Friday, August 05, 2005

The two-party political system in the United States is broken, and more and more people are disgusted with the rhetoric from Republicans and Democrats alike. Both parties have been co-opted by fringe extremist groups that refuse to participate in sane, non-partisan debate and compromise that would end the current government deadlock that grips our country. It is a travesty that will continue until the system comes to a complete halt (not too distant future!) or until citizens finally demand true accountability and governance from their elected officials. It’s time people realize neither liberal nor conservative is a bad word, or a bad position; only when either view is taken to narrow-minded extremes do problems arise.

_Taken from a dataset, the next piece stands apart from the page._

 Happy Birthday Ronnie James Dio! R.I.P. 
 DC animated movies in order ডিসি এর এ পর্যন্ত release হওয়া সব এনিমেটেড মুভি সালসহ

Sufficiently independent moderates who truly serve the best interests of the country as a whole must be given a voice, resources, and power, to return government to a stable, functioning body. Without this return to sanity, the United States will continue on its downward spiral, not only in world opinion, but in internal value and substance as well. As long as elections are based on personalities and polarizing non-issues, truly important topics, i.e., education reform, health care, environmental concerns, will be left unaddressed (except on the negative, finger-pointing level) and without resolution.

The media in general only serves to heighten the tension between the extremes, focusing on ‘red’ and ‘blue’ states as if any one region is all or nothing. The honor and value of cooperation and compromise have been lost in the shrillness of a losing battle on ‘family values’ and an unspecific ‘war on terrorism,’ as if terrorism were that easily defined or identified.

It is interesting to note that the divisiveness of the parties fades considerably the closer one gets to local government. At least in small town America, it is far more important to keep the schools open, the trash collected, and the streets safe than to worry about which party controls village council. And that is as it should be. Some people, of course, insist on keeping the national rhetoric alive, but at a much lower key and with less negative impact on governing than what Washington D.C. seems to face.

I have voted in every available election since 1976, when I turned 18, and consider it my duty to be an informed, involved citizen at the polls. But the current political climate makes that commitment increasingly difficult. I’m tired of choosing the lesser of two evils for any given office, of voting against someone rather than for a candidate who truly embodies the spirit of community service. I would be happy to help my local government by working at the polls, but because I refuse to identity with either of the existing, broken-but-in-charge parties, my offer is not accepted.

So the two-party system continues to chug along, barely functioning, moving on its own tired momentum rather than on inspiration and growth and hope for a better tomorrow. A body in motion tends to stay in motion, but the perpetual motion machine has yet to be invented, and I very seriously doubt our government will be the one to find that impetus. It will grind to a halt without an influx of new ideas and new motivations, and the courage to stand up to the old-school, neo-con, left-wing, radical forces that currently hold us all hostage.